■ Your objective: The expected response is the complete listing below, restated exactly, with its pictures omitted.

■ Recorded data:
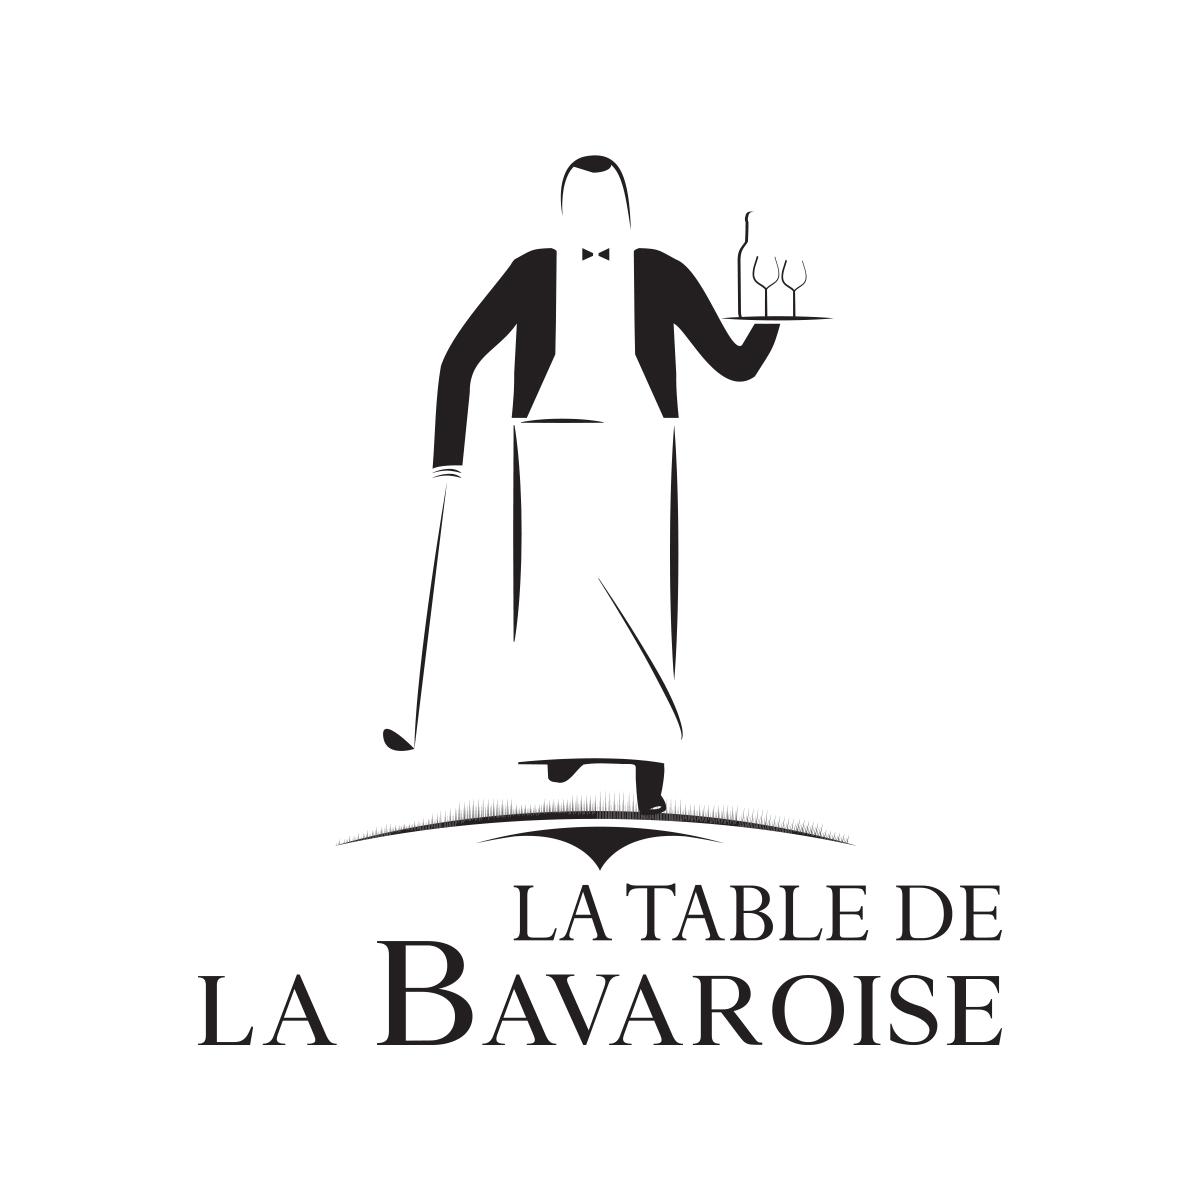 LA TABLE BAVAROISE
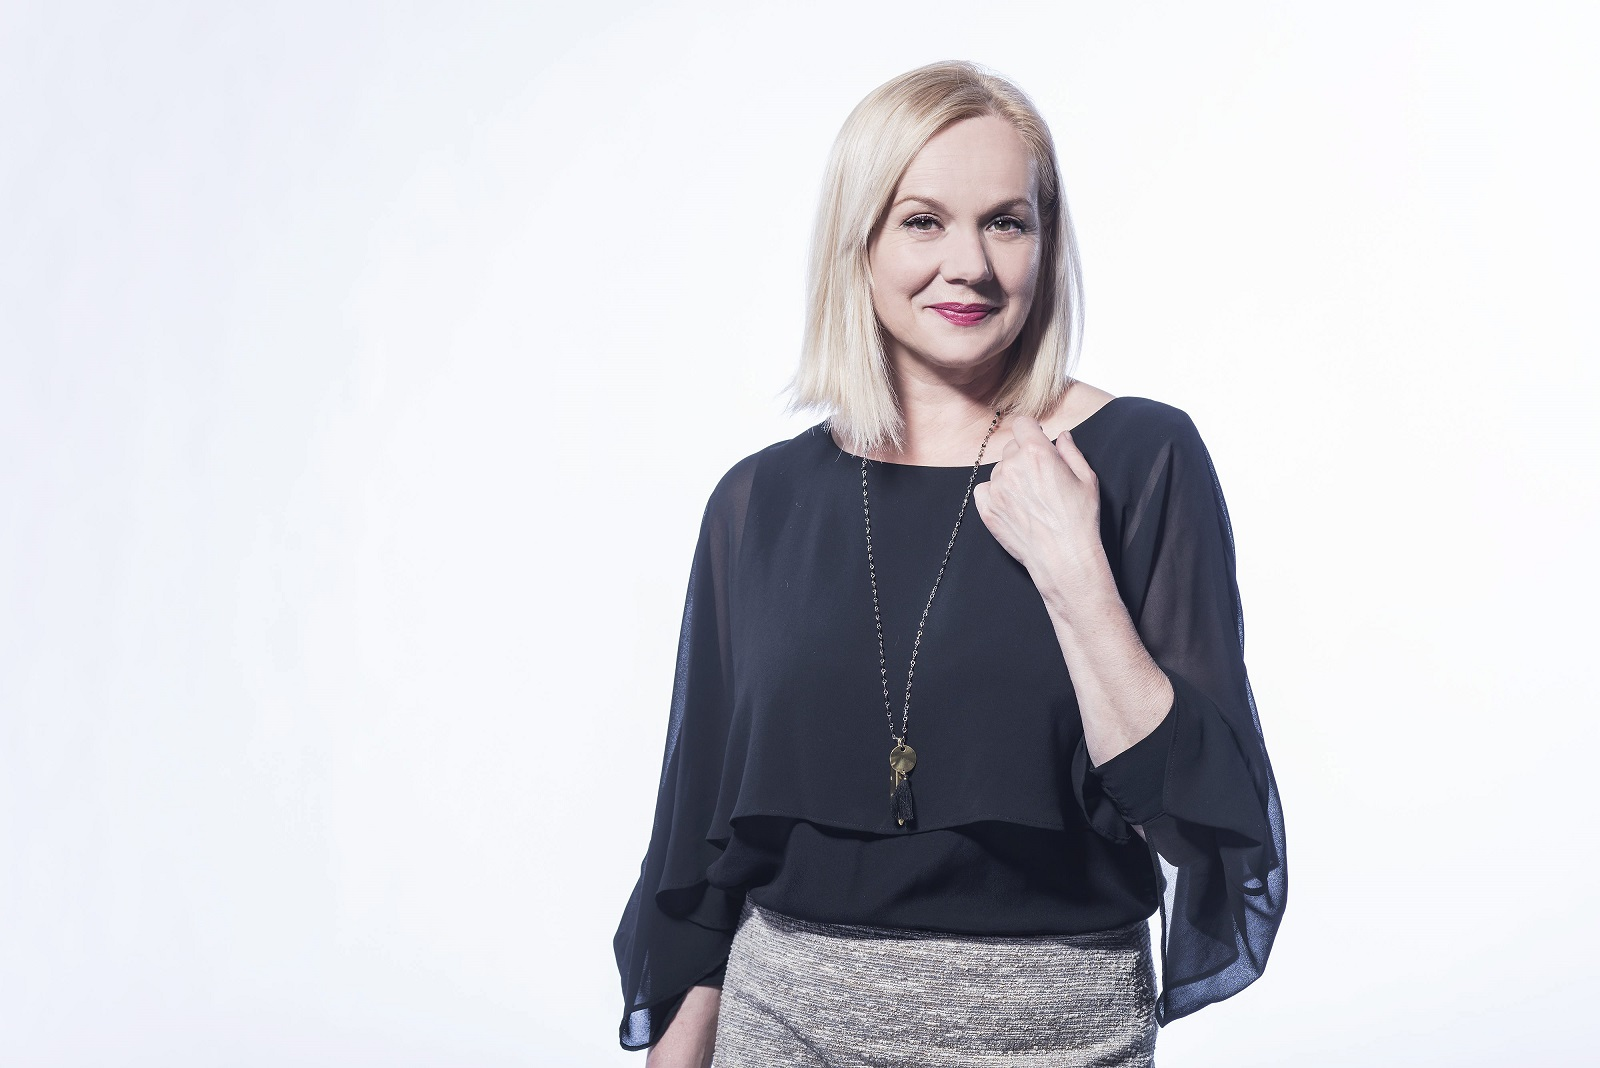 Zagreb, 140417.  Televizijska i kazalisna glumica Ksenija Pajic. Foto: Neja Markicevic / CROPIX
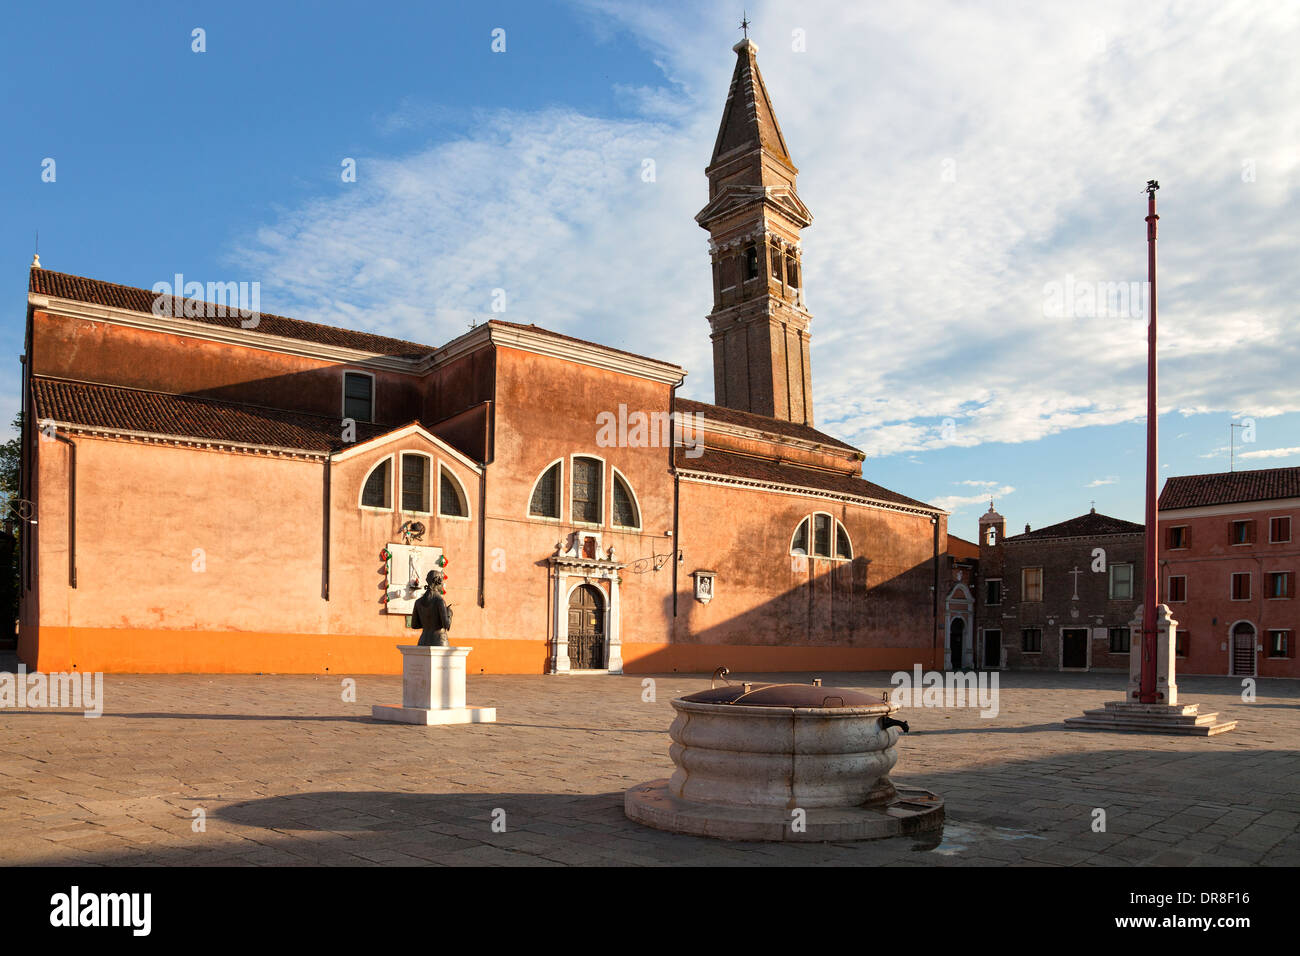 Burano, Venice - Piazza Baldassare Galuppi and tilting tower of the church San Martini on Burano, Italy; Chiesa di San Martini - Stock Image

■ Written response:
 LA TABLE BAVAROISE
 Zagreb, 140417.  Televizijska i kazalisna glumica Ksenija Pajic. Foto: Neja Markicevic / CROPIX
 Burano, Venice - Piazza Baldassare Galuppi and tilting tower of the church San Martini on Burano, Italy; Chiesa di San Martini - Stock Image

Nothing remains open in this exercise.